- [What needs to be done] The lines you return must be all those in the data that hold the string "Stockfoto".

(Data listing)

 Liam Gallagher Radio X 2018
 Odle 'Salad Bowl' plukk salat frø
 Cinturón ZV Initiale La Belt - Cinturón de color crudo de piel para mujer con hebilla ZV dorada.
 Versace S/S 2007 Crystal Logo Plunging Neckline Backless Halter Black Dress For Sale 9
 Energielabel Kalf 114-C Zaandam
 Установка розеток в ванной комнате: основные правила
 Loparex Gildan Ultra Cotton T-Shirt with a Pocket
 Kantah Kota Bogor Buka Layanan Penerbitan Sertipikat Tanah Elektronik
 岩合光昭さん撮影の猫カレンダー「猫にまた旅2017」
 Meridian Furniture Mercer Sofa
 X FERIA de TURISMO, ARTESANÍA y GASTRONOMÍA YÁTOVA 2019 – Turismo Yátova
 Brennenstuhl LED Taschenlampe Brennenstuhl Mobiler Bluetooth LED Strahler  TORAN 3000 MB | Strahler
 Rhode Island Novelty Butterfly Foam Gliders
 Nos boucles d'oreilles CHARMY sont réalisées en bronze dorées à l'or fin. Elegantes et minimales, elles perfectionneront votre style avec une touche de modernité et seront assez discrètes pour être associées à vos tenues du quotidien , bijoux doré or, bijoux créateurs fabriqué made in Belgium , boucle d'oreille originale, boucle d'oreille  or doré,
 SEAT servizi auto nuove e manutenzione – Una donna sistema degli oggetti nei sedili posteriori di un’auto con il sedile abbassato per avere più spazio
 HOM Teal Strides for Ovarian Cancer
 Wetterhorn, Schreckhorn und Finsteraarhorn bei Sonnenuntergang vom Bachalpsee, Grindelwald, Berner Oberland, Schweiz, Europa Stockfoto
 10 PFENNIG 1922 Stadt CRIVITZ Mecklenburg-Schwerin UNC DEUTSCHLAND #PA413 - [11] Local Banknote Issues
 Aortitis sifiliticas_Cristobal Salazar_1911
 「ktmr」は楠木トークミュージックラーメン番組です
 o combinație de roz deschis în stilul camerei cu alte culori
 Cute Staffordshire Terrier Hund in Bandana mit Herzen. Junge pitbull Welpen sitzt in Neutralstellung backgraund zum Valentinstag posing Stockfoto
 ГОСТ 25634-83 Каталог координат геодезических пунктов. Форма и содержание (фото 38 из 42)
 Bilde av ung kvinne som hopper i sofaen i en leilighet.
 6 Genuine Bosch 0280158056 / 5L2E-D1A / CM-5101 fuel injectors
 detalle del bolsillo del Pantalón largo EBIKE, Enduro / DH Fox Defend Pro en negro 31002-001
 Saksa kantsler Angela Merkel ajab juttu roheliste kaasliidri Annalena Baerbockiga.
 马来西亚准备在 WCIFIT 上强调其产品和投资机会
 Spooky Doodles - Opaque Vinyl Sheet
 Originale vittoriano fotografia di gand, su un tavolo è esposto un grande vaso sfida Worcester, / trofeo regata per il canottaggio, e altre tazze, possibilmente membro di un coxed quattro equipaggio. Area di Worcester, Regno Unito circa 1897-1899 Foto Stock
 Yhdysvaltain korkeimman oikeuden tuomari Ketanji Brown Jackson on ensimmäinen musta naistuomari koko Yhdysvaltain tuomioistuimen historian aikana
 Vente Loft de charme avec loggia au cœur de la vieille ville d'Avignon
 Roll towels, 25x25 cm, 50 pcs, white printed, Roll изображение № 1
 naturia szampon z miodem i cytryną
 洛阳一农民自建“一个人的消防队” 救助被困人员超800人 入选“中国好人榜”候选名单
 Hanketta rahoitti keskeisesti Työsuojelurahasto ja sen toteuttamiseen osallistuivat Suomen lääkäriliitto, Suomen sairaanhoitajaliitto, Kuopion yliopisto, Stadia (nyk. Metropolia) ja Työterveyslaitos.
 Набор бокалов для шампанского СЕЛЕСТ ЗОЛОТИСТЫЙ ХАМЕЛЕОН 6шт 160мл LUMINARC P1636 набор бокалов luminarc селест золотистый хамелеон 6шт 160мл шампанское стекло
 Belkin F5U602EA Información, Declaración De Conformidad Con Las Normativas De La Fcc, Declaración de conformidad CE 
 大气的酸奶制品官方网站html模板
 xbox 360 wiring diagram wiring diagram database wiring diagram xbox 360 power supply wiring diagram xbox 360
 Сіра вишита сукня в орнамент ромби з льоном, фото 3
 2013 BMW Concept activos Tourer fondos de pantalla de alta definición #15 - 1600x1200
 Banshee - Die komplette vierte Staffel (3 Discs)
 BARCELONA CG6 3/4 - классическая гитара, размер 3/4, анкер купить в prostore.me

(End Data listing)

- [Output for this exercise]
 Wetterhorn, Schreckhorn und Finsteraarhorn bei Sonnenuntergang vom Bachalpsee, Grindelwald, Berner Oberland, Schweiz, Europa Stockfoto
 Cute Staffordshire Terrier Hund in Bandana mit Herzen. Junge pitbull Welpen sitzt in Neutralstellung backgraund zum Valentinstag posing Stockfoto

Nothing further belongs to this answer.